TASK STATEMENT: Search the data below for "silver"; list each line that holds it.

RECORDS SHOWN:
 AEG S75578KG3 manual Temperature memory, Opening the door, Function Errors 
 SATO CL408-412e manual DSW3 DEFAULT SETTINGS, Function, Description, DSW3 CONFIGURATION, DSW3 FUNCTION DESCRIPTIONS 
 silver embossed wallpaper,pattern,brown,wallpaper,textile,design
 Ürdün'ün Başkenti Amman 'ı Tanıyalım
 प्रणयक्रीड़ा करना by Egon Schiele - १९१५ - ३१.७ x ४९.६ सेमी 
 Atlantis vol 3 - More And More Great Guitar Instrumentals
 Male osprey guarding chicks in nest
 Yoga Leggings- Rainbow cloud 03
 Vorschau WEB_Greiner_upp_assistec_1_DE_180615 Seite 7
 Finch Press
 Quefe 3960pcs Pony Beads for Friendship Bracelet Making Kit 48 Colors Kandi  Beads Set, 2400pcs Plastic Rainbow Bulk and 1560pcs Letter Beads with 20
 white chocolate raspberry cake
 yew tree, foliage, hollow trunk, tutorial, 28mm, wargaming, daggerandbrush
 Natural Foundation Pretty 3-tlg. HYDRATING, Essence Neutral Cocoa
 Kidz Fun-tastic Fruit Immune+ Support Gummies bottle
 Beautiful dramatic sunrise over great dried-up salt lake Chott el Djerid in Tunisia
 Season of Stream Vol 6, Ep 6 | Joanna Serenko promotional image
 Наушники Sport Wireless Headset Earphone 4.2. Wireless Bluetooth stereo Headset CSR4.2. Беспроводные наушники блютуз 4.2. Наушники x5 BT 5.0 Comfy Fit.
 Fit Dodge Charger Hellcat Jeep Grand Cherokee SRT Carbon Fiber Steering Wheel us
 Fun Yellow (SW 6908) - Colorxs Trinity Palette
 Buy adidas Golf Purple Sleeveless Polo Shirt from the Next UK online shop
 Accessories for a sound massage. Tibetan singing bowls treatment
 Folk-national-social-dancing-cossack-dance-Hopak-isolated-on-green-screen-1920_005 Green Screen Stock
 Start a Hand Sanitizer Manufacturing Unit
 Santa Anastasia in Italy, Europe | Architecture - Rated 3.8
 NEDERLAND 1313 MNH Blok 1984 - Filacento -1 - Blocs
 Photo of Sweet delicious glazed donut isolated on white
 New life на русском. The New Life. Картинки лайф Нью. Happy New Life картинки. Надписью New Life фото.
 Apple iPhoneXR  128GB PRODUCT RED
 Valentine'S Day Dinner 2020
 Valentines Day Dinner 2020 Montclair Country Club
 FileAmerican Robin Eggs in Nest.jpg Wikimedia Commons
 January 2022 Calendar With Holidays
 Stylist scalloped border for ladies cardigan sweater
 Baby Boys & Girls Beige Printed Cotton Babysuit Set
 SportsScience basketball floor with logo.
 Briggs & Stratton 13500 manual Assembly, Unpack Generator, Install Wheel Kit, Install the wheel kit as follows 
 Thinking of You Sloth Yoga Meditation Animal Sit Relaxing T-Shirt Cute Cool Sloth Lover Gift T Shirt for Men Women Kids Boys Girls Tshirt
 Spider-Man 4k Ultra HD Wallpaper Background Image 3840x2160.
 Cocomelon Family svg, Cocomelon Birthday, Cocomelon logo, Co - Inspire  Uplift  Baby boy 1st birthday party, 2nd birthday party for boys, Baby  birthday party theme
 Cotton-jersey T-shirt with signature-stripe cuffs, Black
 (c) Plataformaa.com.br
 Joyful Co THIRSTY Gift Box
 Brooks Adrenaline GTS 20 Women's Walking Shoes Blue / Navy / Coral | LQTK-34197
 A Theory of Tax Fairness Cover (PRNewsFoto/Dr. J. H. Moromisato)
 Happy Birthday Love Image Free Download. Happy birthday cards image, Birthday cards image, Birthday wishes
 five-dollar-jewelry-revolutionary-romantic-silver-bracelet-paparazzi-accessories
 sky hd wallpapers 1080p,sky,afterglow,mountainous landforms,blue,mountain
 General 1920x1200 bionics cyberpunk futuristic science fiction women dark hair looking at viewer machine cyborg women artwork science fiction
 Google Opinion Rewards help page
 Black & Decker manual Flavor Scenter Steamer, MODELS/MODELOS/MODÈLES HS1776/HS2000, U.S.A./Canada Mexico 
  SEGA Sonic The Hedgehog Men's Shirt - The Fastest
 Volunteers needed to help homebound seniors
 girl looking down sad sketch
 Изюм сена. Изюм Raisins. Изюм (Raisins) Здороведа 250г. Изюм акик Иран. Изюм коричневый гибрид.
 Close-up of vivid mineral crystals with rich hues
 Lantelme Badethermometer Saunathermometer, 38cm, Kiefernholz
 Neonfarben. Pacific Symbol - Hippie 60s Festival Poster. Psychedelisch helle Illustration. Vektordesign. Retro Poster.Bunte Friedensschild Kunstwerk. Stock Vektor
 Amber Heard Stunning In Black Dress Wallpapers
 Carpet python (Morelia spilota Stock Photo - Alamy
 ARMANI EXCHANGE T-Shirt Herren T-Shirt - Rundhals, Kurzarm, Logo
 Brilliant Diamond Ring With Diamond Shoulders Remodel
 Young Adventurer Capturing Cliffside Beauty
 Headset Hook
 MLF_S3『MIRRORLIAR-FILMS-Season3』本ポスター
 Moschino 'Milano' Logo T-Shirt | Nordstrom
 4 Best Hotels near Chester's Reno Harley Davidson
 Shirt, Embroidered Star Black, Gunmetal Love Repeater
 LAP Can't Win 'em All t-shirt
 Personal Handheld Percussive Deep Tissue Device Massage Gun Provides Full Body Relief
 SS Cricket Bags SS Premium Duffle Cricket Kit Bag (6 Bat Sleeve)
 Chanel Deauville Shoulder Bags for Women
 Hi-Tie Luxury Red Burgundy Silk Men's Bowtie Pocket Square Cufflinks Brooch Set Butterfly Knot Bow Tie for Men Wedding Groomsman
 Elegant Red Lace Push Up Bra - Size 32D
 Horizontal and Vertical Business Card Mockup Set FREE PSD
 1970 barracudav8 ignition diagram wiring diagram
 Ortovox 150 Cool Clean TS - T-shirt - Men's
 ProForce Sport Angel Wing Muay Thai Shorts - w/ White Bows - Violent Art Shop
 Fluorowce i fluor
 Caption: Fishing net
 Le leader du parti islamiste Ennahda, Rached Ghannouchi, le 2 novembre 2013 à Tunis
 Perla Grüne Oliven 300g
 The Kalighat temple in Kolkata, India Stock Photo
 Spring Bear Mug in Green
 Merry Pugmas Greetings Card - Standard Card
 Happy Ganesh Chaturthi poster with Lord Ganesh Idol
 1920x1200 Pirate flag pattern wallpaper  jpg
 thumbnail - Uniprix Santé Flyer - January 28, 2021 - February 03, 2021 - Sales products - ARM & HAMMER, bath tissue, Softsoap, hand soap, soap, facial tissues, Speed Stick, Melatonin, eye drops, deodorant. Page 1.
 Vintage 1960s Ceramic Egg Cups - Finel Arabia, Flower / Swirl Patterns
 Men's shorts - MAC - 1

FINAL ANSWER:
 silver embossed wallpaper,pattern,brown,wallpaper,textile,design
 five-dollar-jewelry-revolutionary-romantic-silver-bracelet-paparazzi-accessories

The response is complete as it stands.